Tropical Software Observations

16 May 2013

Posted by Anonymous

at 5:08 PM

0 comments

Robust Internationalization on Rails

Background

The standard procedure for building an app with a selectable language option is to have a set of files (a pack) for each language where the target string in the target language is referenced by a key. The keys are unique within each language pack and the same between packs.

These language packs could, for example, be in YAML files:

en.yml
hi: Hello, world!
bye: Goodbye, world.
es.yml
hi: ¡Hola, mundo!
bye: AdiĆ³s, mundo.
Ruby on Rails includes the i18n gem by default, giving us a very easy way to produce any snippet of language we need. For example, I18n.t "hi" would return the string "Hello, world!" if our environment is English, and "¡Hola, mundo!" if our environment is Spanish.

If we ask for something that is not defined in our language pack, we get a message to that effect, e.g. "translation missing: en.seeyoulater".  Note that the message includes the missing key ("seeyoulater"), so we can easily go in and add the necessary content.

The Story

In a recent project, I needed to create an admin page which would allow us to identify content that exists in our main language (English) but not in our secondary language (Spanish).  To do this, I needed a way to prevent i18n from generating the translation missing message and instead return something obvious, such as nil.

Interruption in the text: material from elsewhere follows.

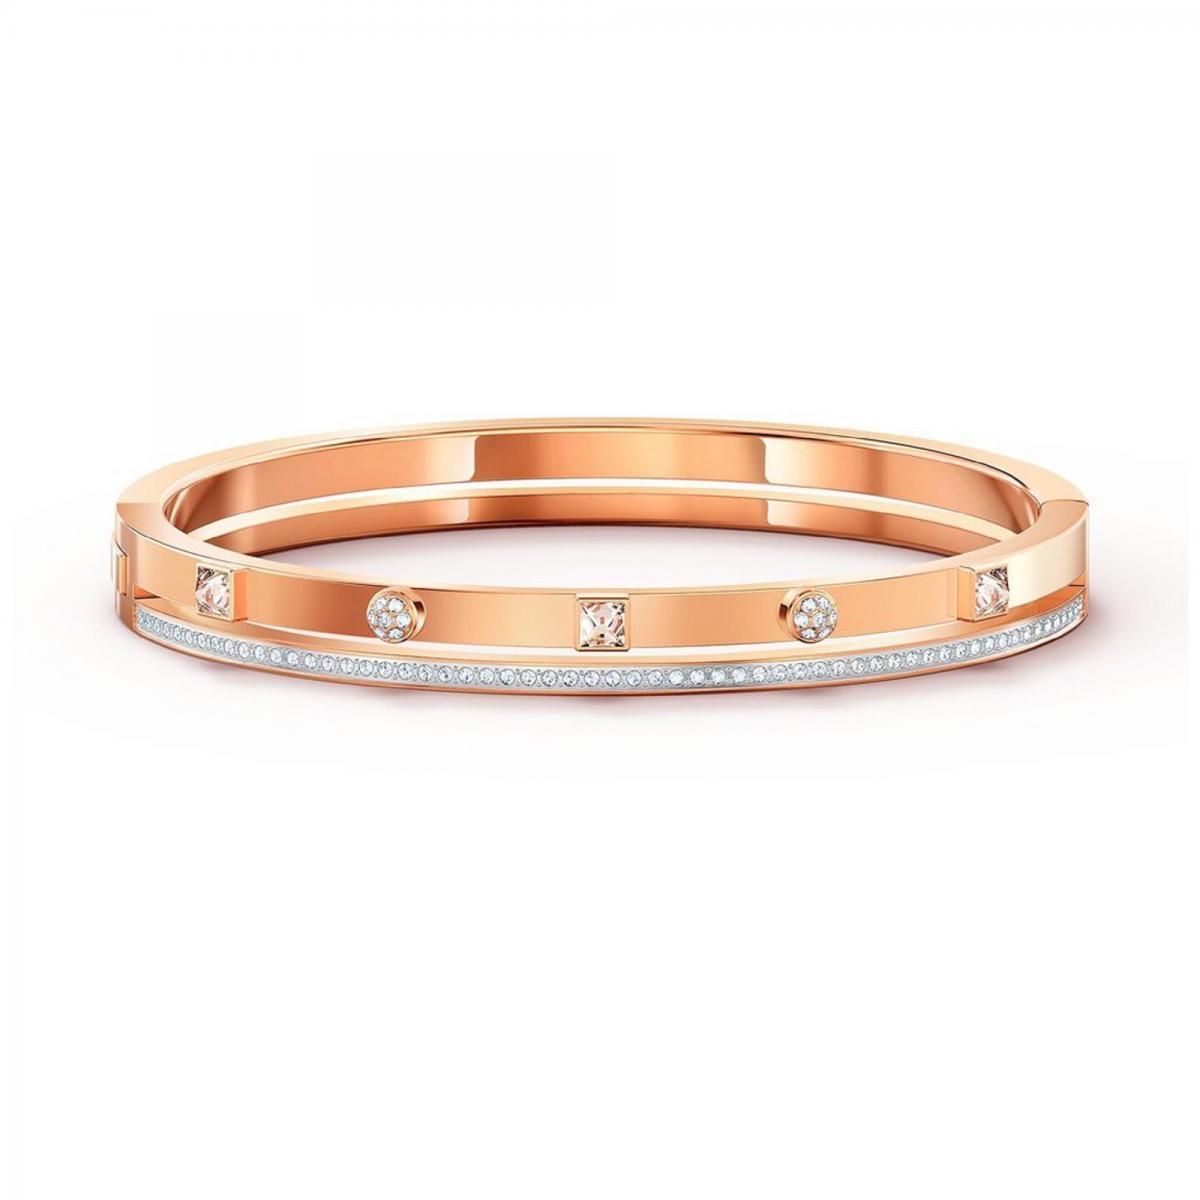 BRACELET Swarovski 5572914 - Bracelet Femme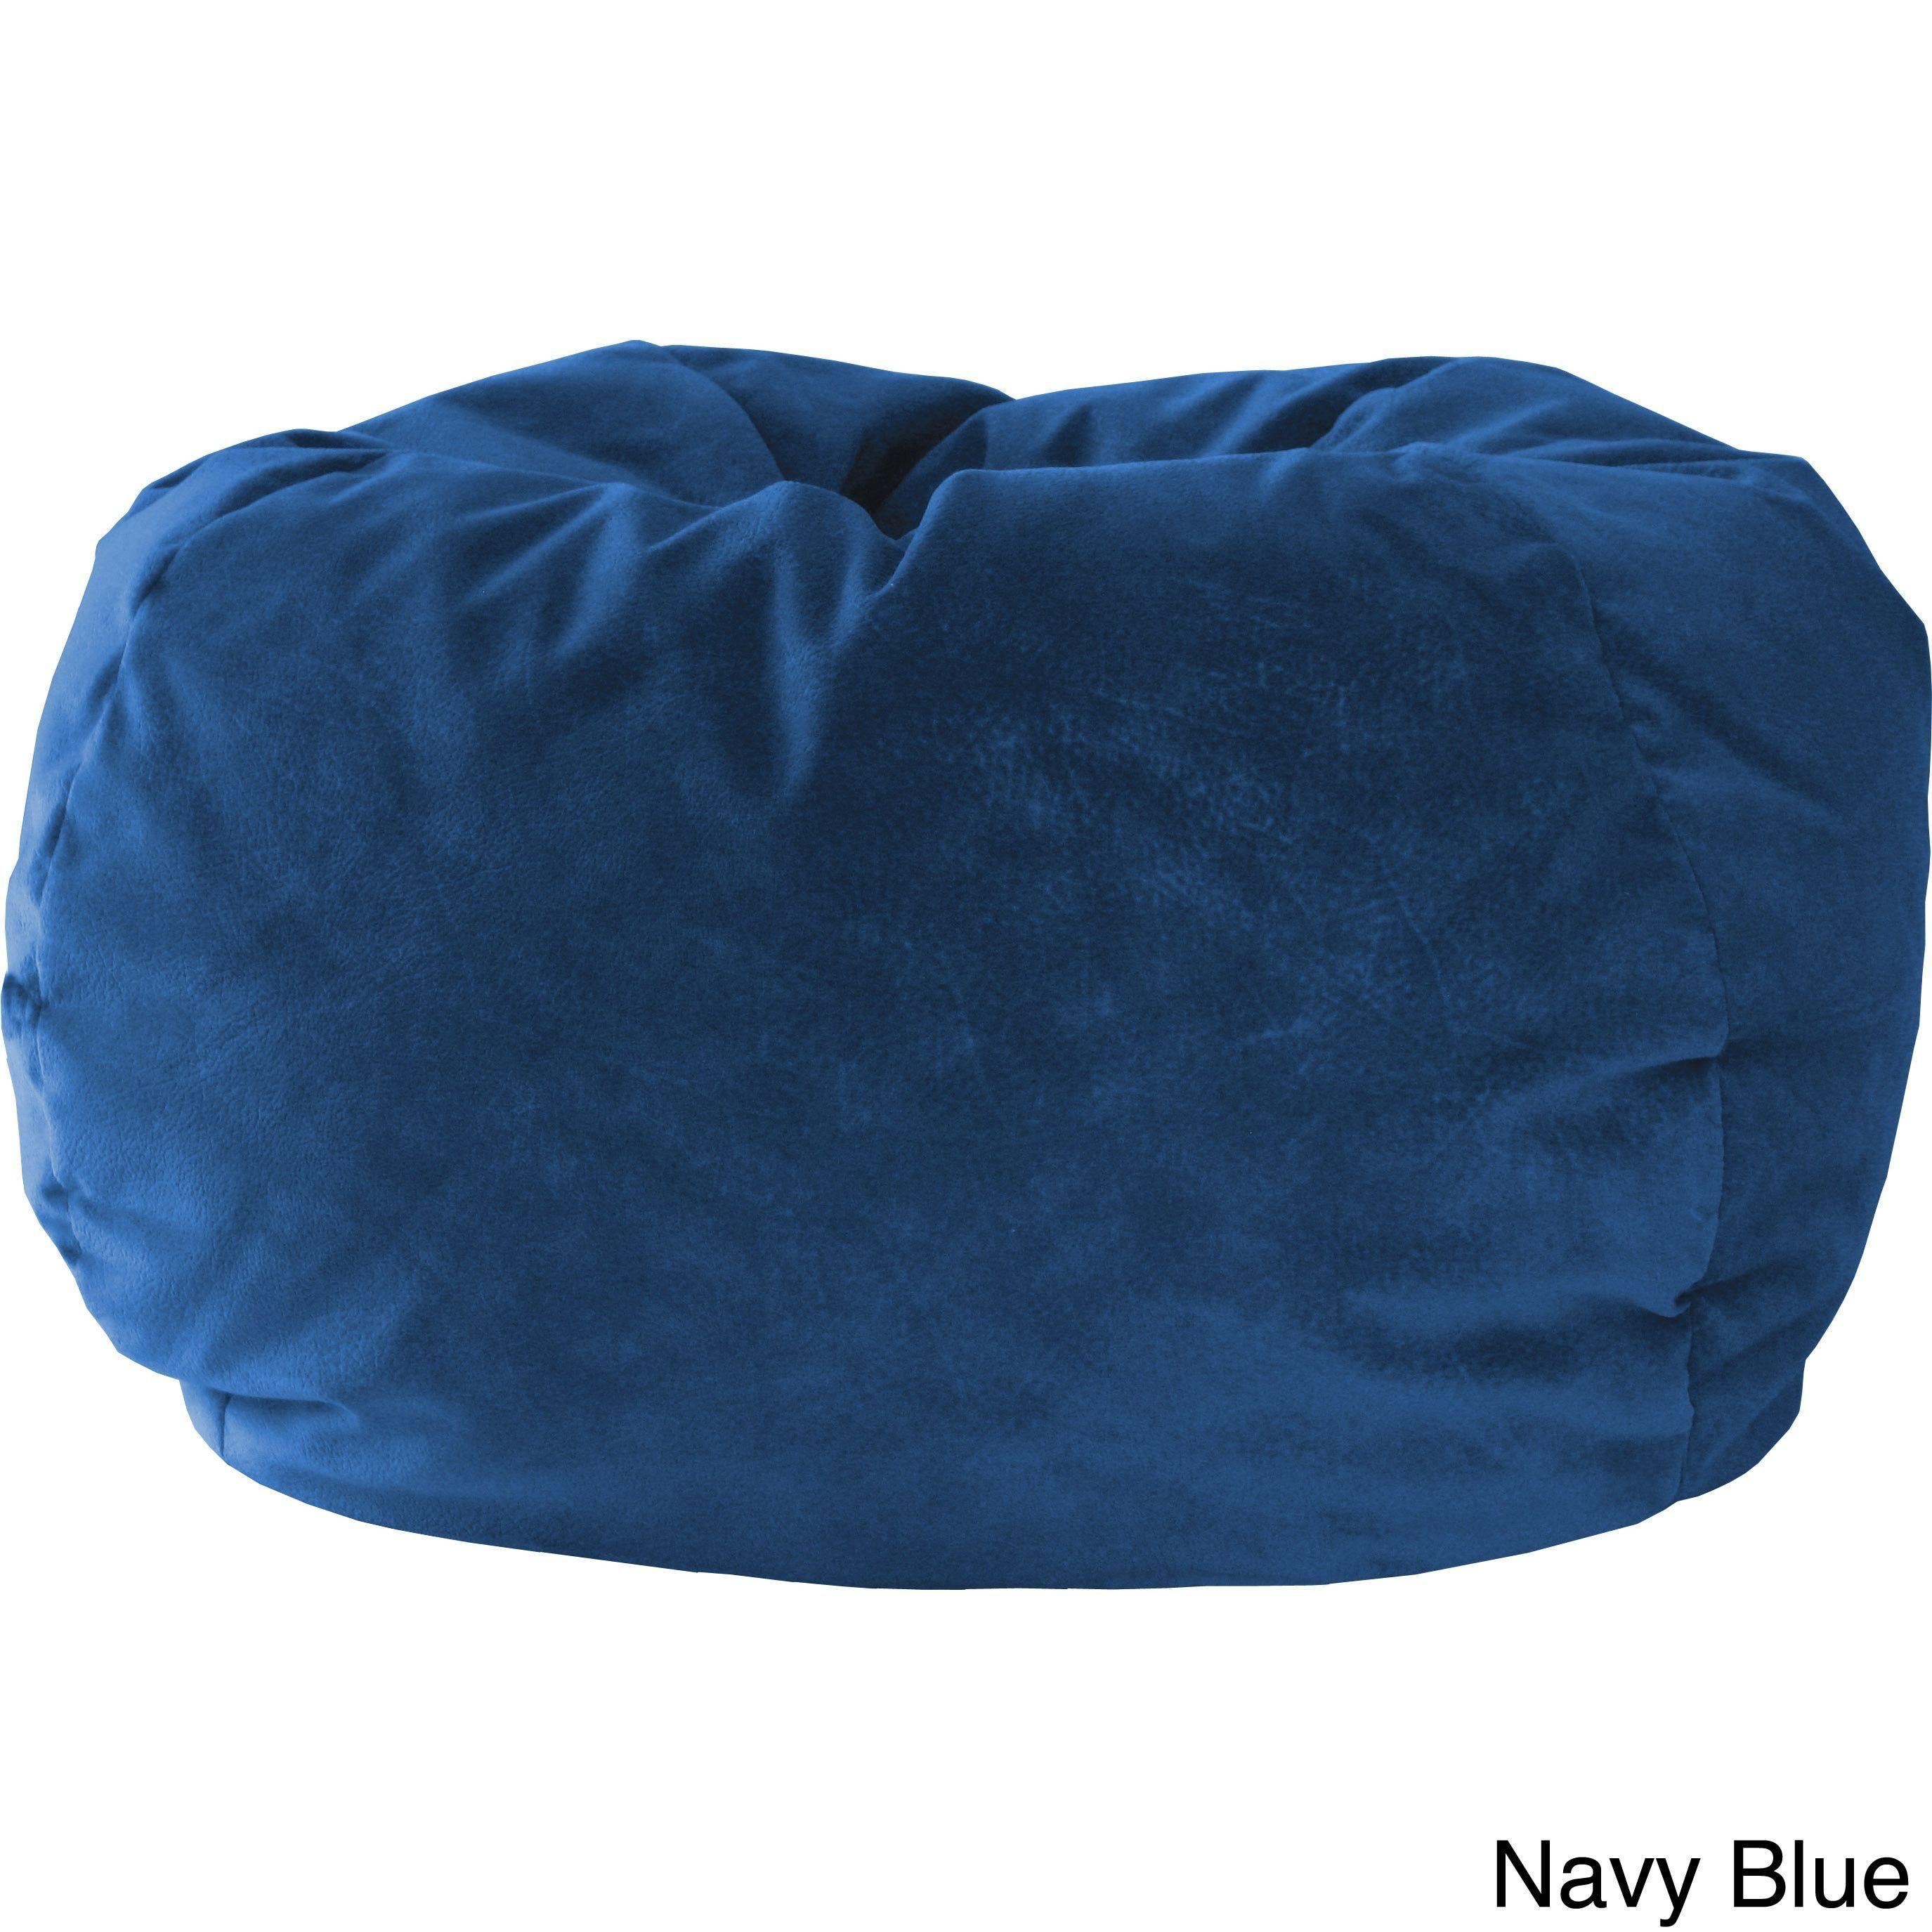 Terrific Xxl Micro Fiber Suede Bean Bag Cocoa Black Hudson Beatyapartments Chair Design Images Beatyapartmentscom

Fortunately, I18n#t provides an option to raise an exception when content is not found:
I18n.t "seeyoulater", :raise => true
which can then be caught to give us our desired nil.
I18n.t "seeyoulater", :raise => true rescue nil
Problem solved, job done.

Oops

Obviously I wouldn't be writing this post of that were the whole story.

My admin page worked perfectly on the development server, but on production it failed.  The two systems are identical; what could possibly be the cause?

A little bit of detective work uncovered two points:

1.  There's an i18n option, turned on by default in a production environment, to not generate "translation missing" messages.  Instead, when looking for a translation of something that exists in the primary language, i18n will automatically and silently use the original string (e.g. English) in place of the missing translation.

2.  This automatic and silent substitution has the unwanted side effect of pre-empting the :raise => true option above.  Now our missing-translation detector is broken.

The symptom of the failure on production was that no translations were reported missing, and much of the content that claimed to be in Spanish was actually in English.

Conclusion

In the end, all is well.  In the end, we didn't need this functionality.

But I'm bothered by the fact that the default behavior of i18n is to treat exceptions as things to be avoided at all cost.  Obviously we don't want uncaught exceptions making their way into our error log (or worse yet, to the browser), but there are valid reasons for throwing and catching exceptions, even on a production server, and this is one of them.

I'm bothered that I've explicitly written into my code that I want an exception, and i18n is pulling rank on me and saying no, you can't have one.

In the end, though, the logical solution is that any translations that need to be managed from the web should ultimately be in stored in a database and managed along with the other dynamic content. Translation data that is stored locally, e.g. in YAML files, should be managed/tested on the development system.